Dietro la massiccia migrazione dal Centro-Africa verso le coste mediterranee c’è l’accordo di Lagos, stretto tra le multinazionali cinesi, lo speculatore “filantropo” George Soros e le multinazionali che vogliono abbandonare il campo (ovvero, francesi, inglesi e olandesi).
Ma facciamo un salto al 2014, all’epoca l’anglo-olandese Royal Dutch Shell ed i francesi della Total annunciavano la vendita di giacimenti petroliferi nell’area del Delta del Niger. Le cessioni andavano dalla terraferma sino alla cessione del sito di Usan: un campo offshore situato circa 100 chilometri a largo della costa della Nigeria sud-orientale. Il valore del giacimento era all’epoca di circa due miliardi e mezzo di dollari. Gli acquirenti nazionali (ovvero i nigeriani) erano privi di risorse economiche necessarie all’acquisizione, così si facevano avanti importanti gruppi cinesi. Parimenti George Soros, che nell’operazione migrazione ha investito un miliardo di dollari, trattava l’acquisto di vaste aree con vari governi corrotti centrafricani. Ovviamente i governi garantiscono agli investitori che le aree vengano liberate dai contadini, dagli storici insediamenti tribali.

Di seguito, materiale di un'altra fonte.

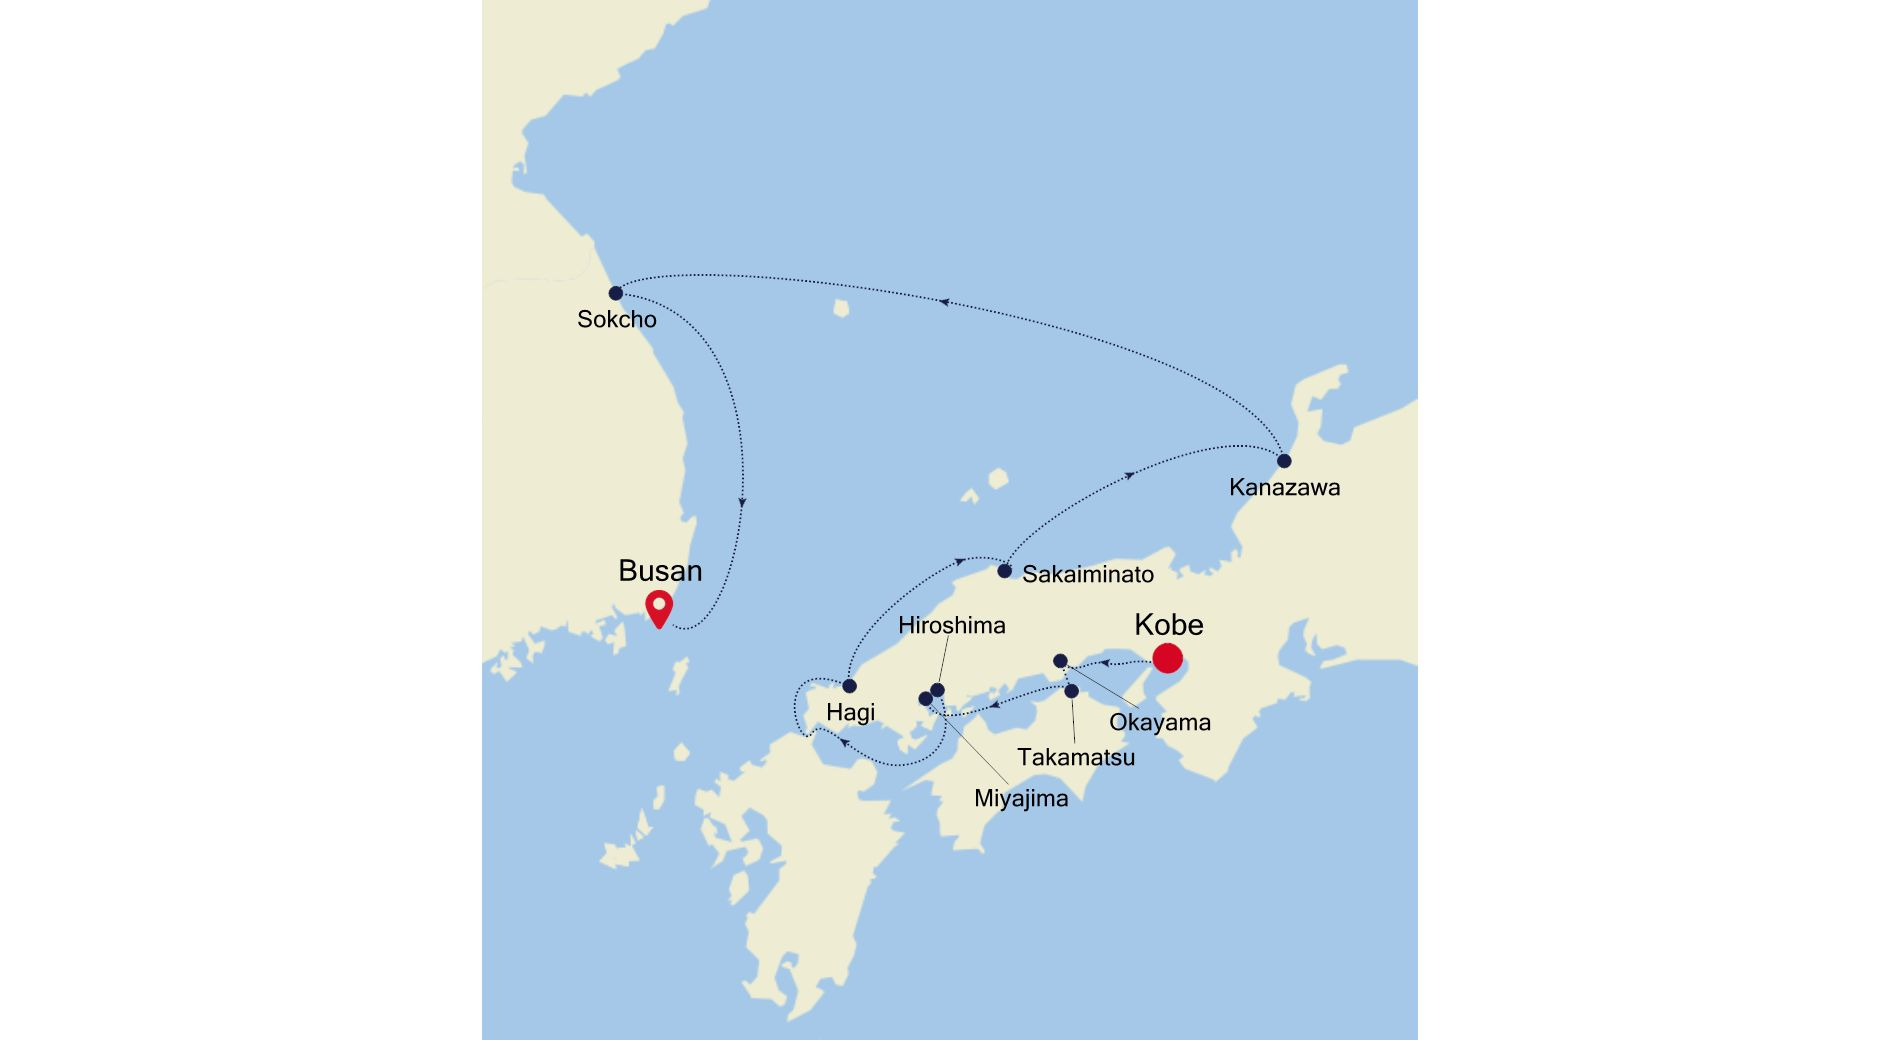 7910 - Kobe  nach Busan
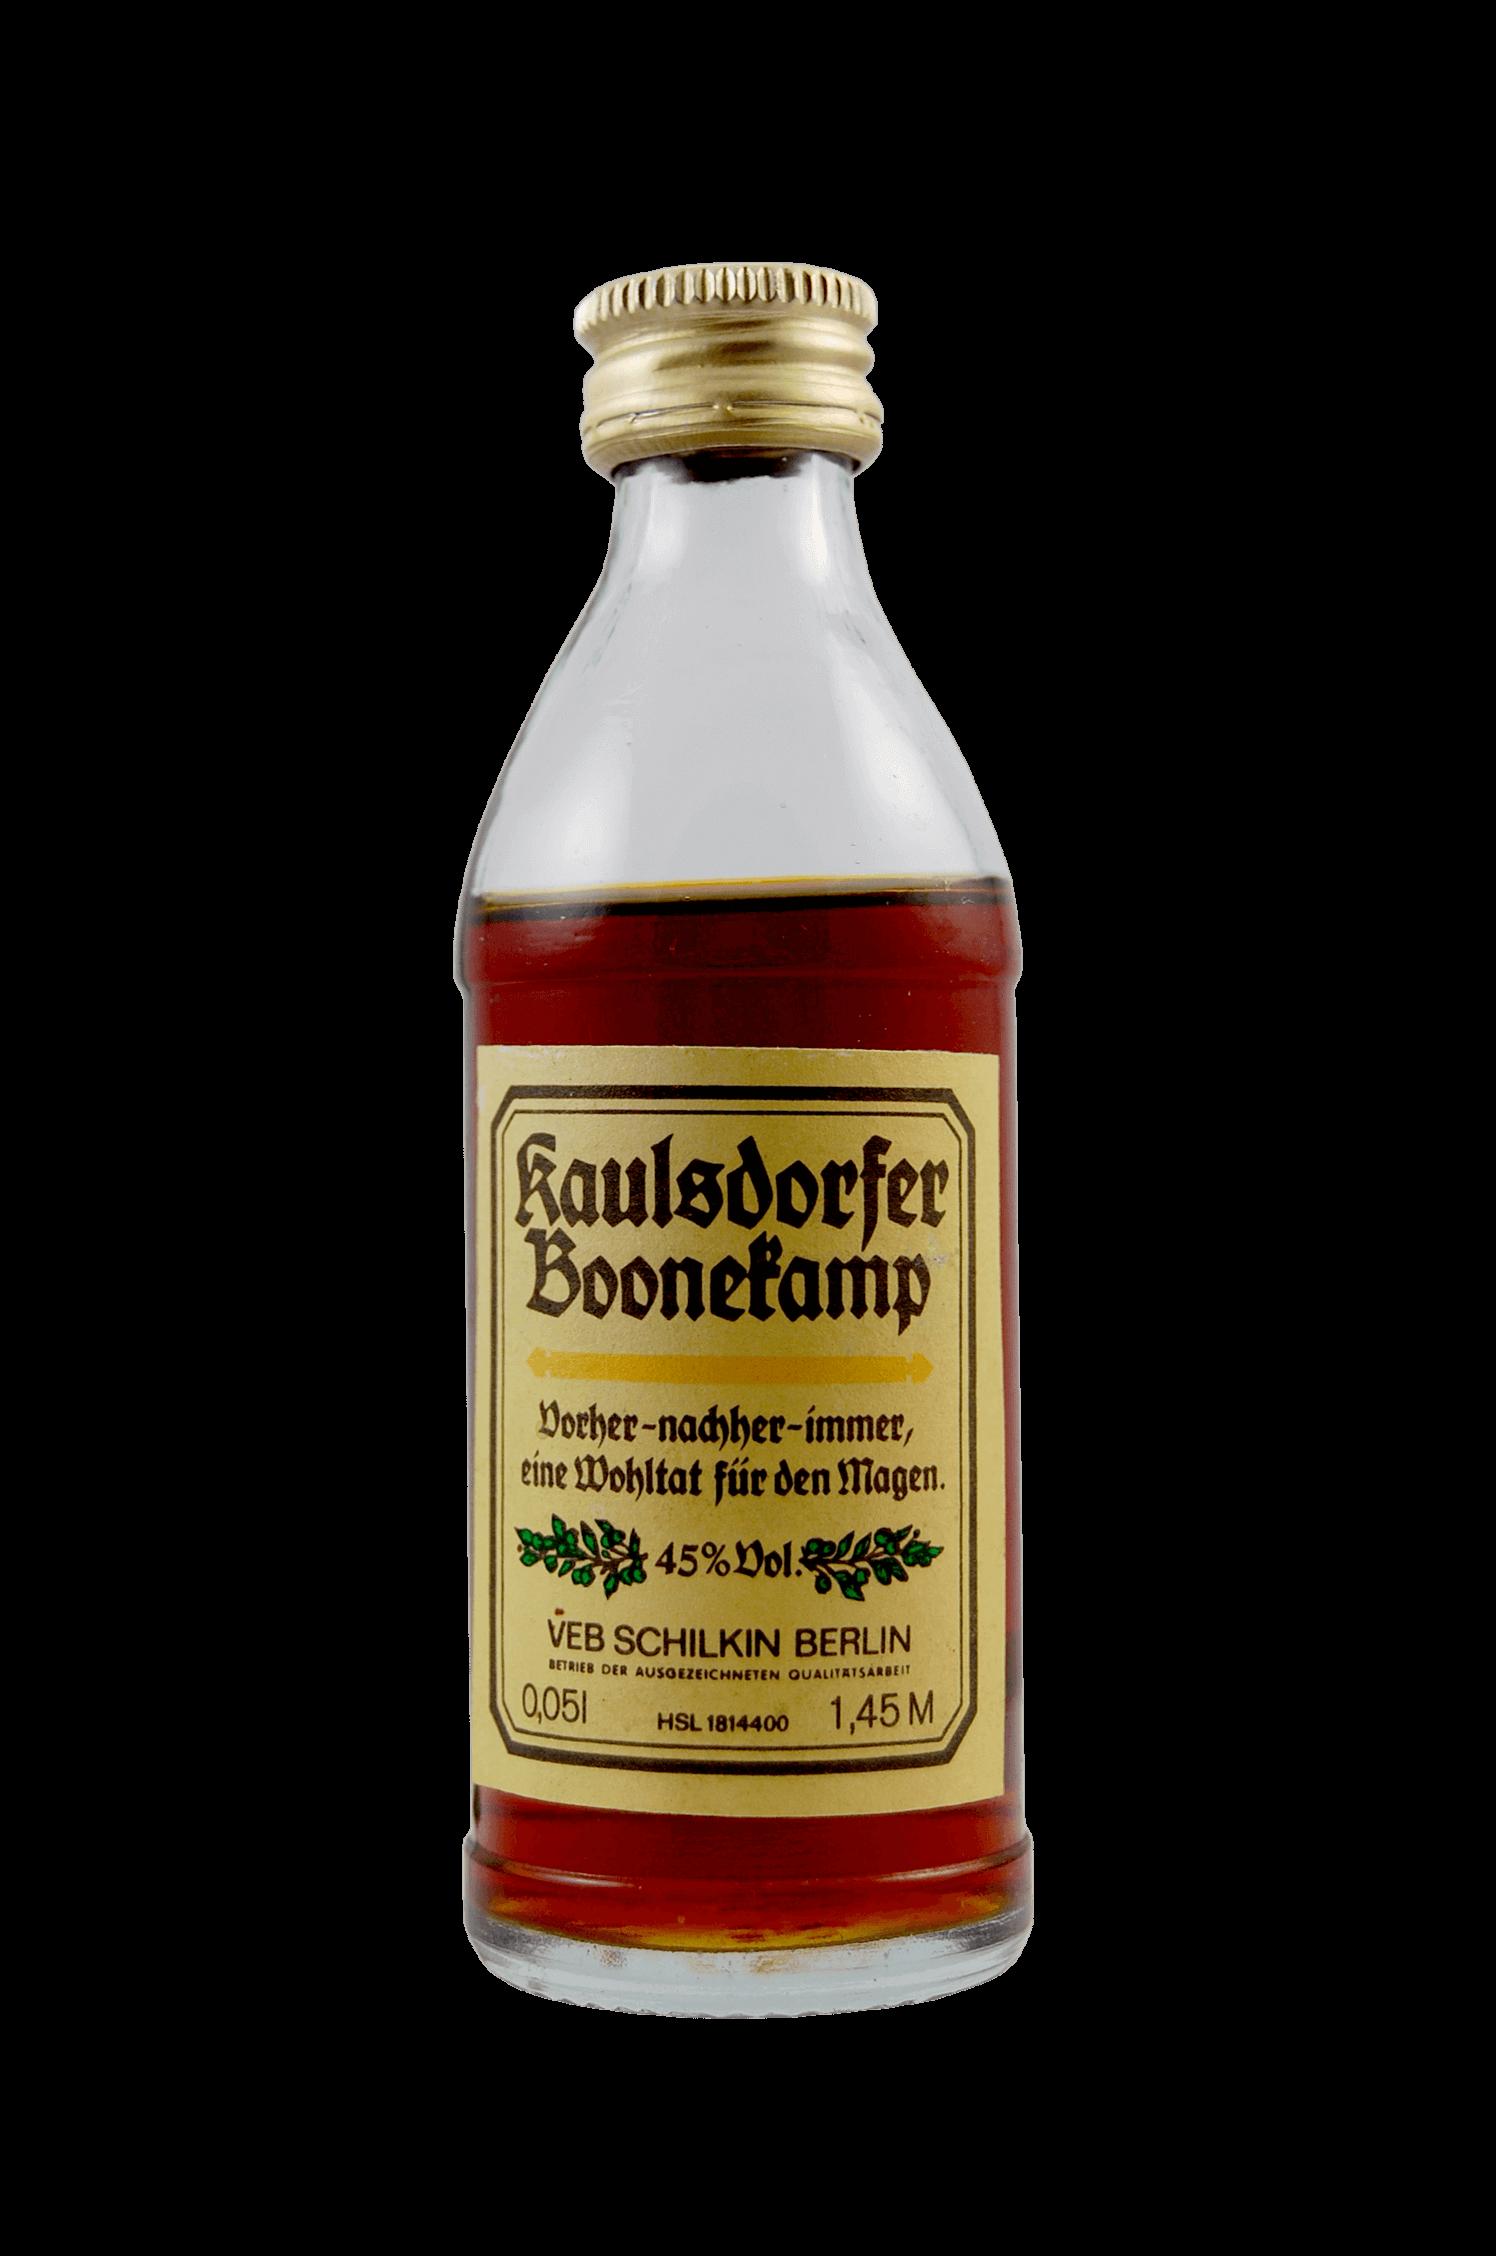 Kaulsdorfer Booneťamp

Questa è una seconda (ma tecnologica) colonizzazione: soltanto che tra il Settecento e l’Ottocento la colonizzazione veniva operata dai governi del Vecchio Continente (poi Imperi centrali, la cui funzione politica terminava con la Grande Guerra), invece la neo-colonizzazione è opera di oscure strutture finanziarie sovranazionali. Contro queste ultime non possono nulla né l’Onu né la Banca Mondiale, perché molti governi rappresentati alle Nazioni unite vengono corrotti dalle stesse multinazionali. Così vendono le terre con l’impegno di liberarle dagli indigeni, a cui viene pagato il biglietto d’eccesso clandestino in Europa.

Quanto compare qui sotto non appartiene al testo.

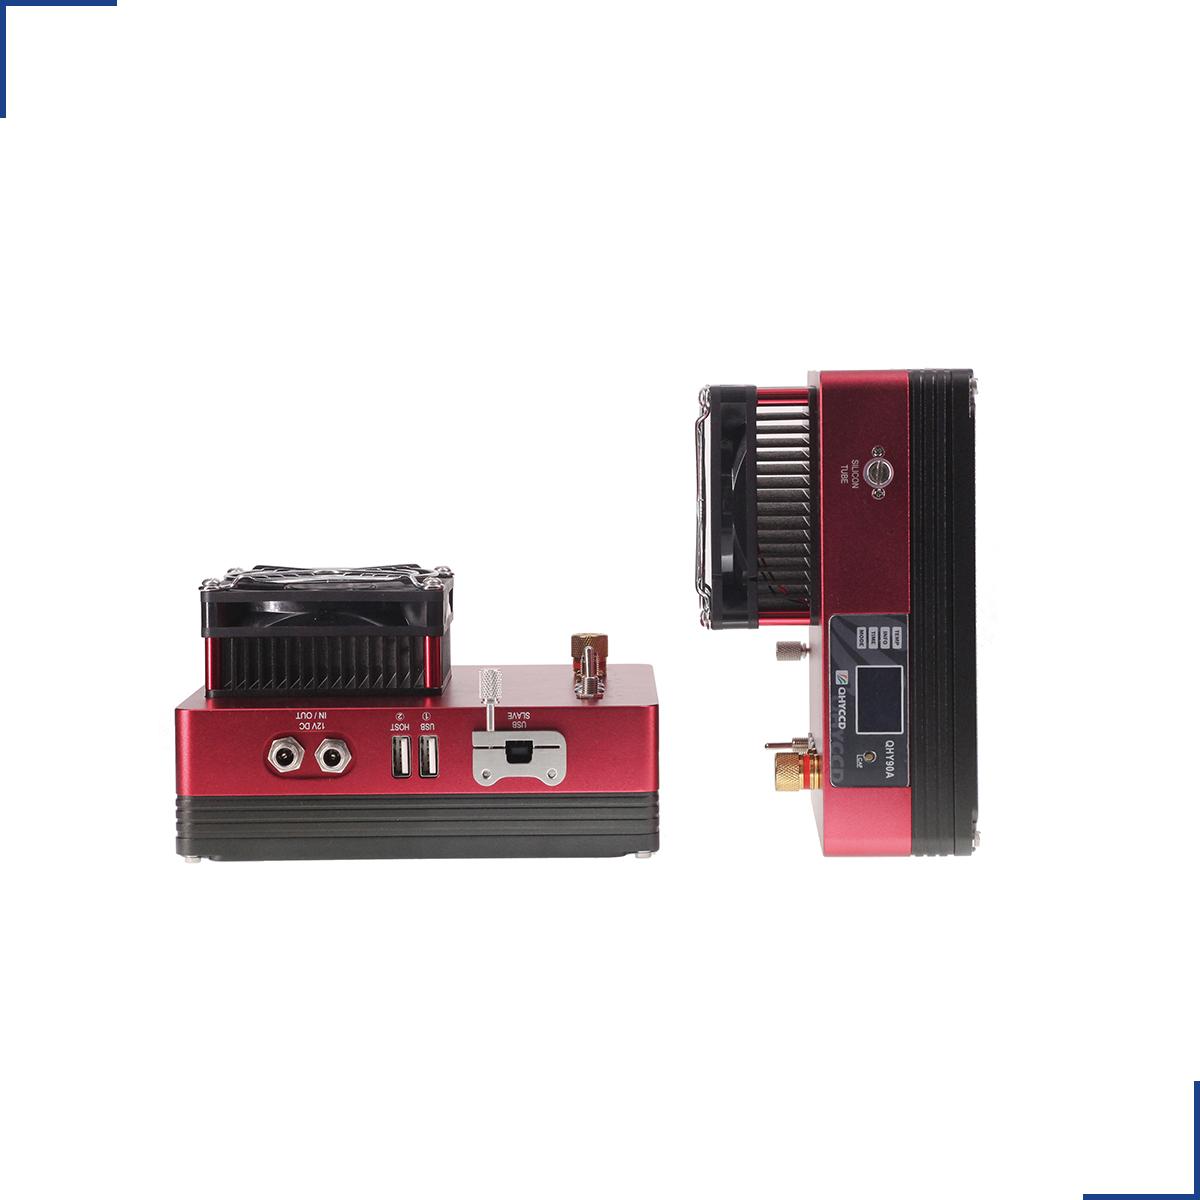 A系列 CCD 相机

Il quotidiano di Lagos “Business Day” scriveva nel 2014 che a rilevare la quota di Total sarebbero stati i gruppi cinesi, come Cnooc, o gli indiani dell’Ongc. Il giornale di Lagos sottolineava che “le major europee e nordamericane stanno cercando di lasciare la Nigeria”. Così un paio d’anni fa ben quattro giacimenti della Shell venivano ceduti per un miliardo e mezzo di dollari: i nordamericani di ConocoPhillips lasciavano il campo a cinesi e indiani, e il governo di Lagos s’impegnava a liberare la zona dagli indigeni per un raggio di cento chilometri attorno alla zona estrattiva. Naturalmente venivano assunti operai, ma tutti cinesi e indiani. Così migliaia di nigeriani iniziavano la migrazione verso il nord Africa.

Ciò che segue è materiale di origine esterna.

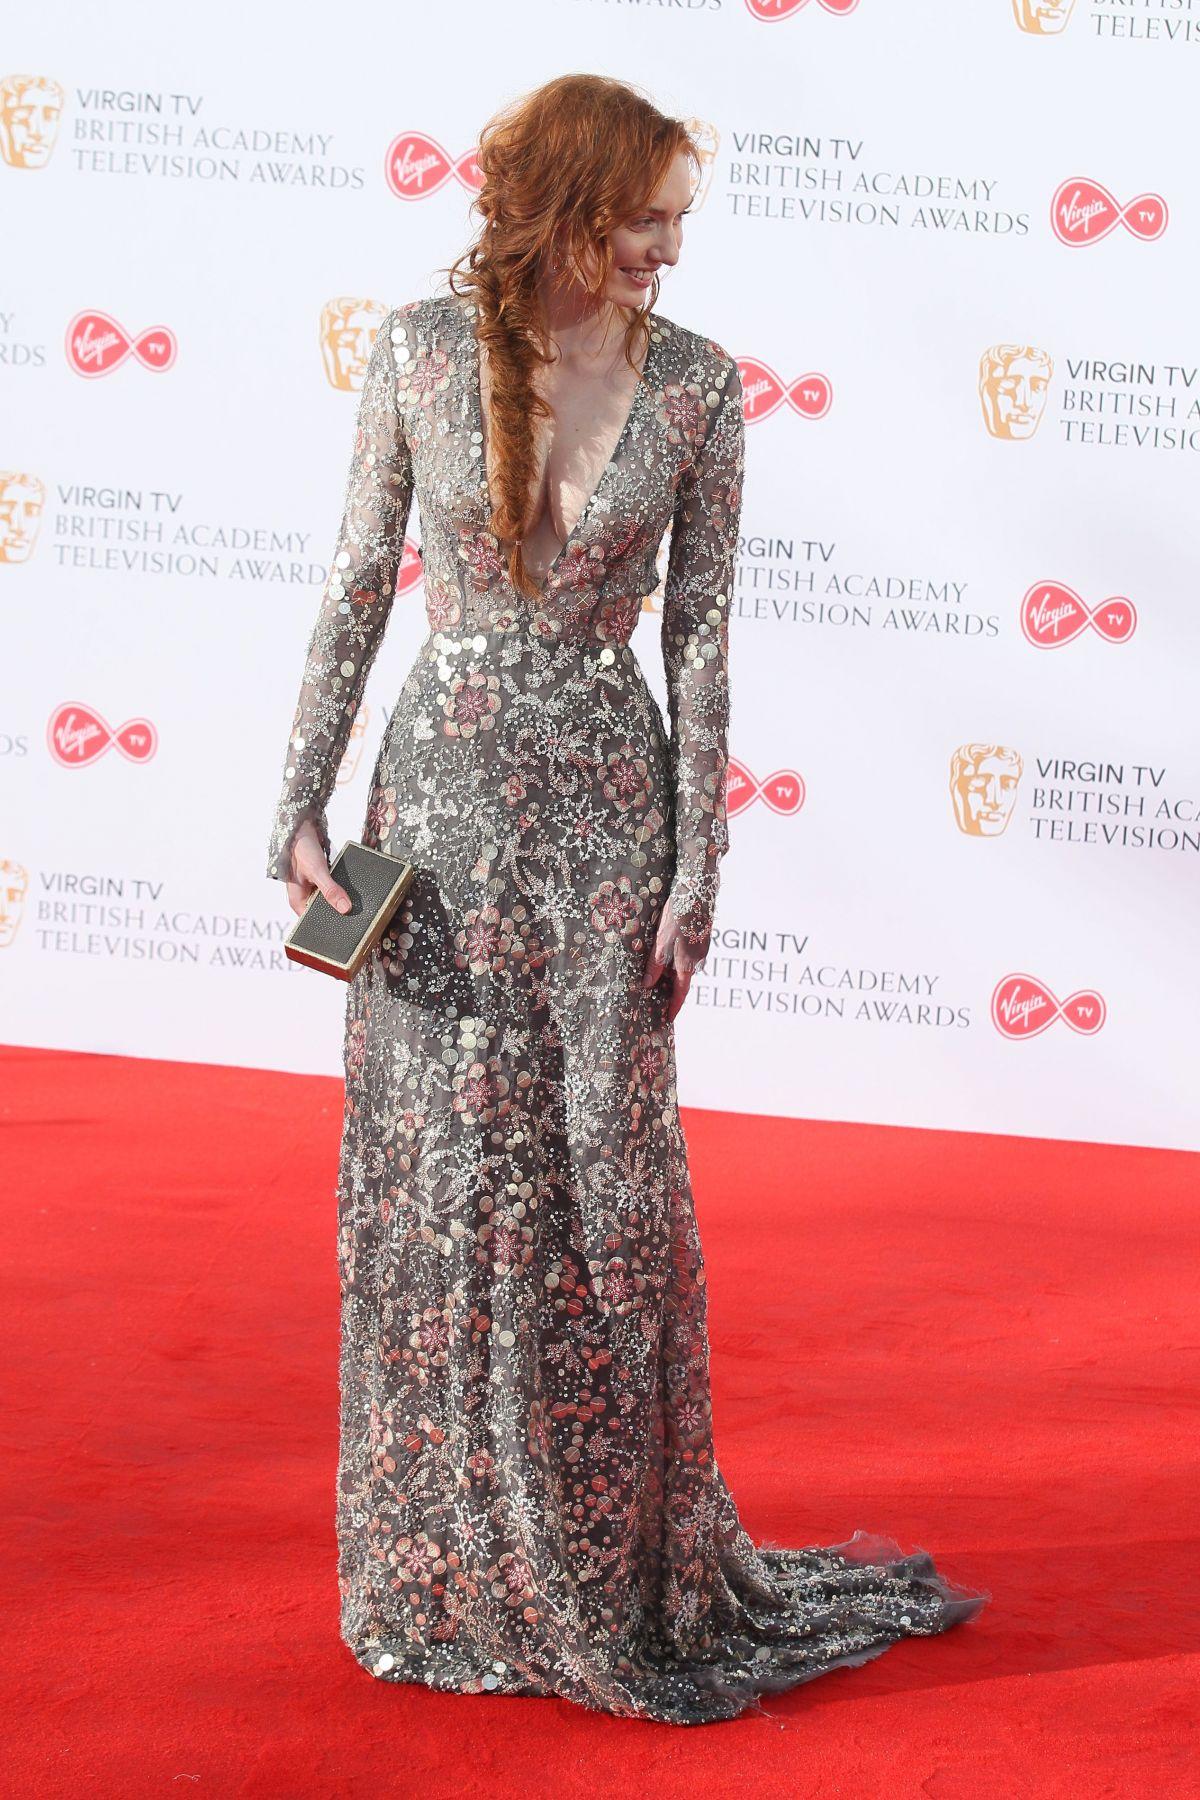 ELEANOR TOMLINSON at 2017 British Academy Television

Il quotidiano “Business Day” di Lagos diceva che “all’origine di queste decisioni ci sono fattori differenti. Peserebbero sabotaggi da parte di bande armate e incidenti dovuti all’obsolescenza degli impianti che costerebbero ogni giorno all’industria circa 150mila barili”. Di fatto, da un lato c’è la volontà occidentale di ridurre gli investimenti per mantenere alti i dividendi per gli azionisti, dall’altro c’è la necessità che a speculare in queste aree siano strutture finanziarie super aggressive (come quelle rappresentate da Soros) e multinazionali cinesi e indiane.
Il risultato è “Furore”, l’omonimo libro John Steinbeck e poi film di John Ford (nella foto una scena tratta dal film), che narra come durante la depressione del ’29 venivano espropriate fattorie e beni e con loro le vite umane: Senza altra scelta numerose famiglie migravano con l’illusione di trovare una terra promessa, ma conoscevano solo sfruttamento, fame e morte. Un dramma che si ripete, e ci fa meraviglia che certi governanti di casa nostra non sappiano la verità su questa migrazione. Pare venga paragonata dagli addetti ai lavori delle multinazionali al metodo usato negli Usa dell’Ottocento per trasferire le mandrie, o sospingere i bisonti oltre la ferrovia.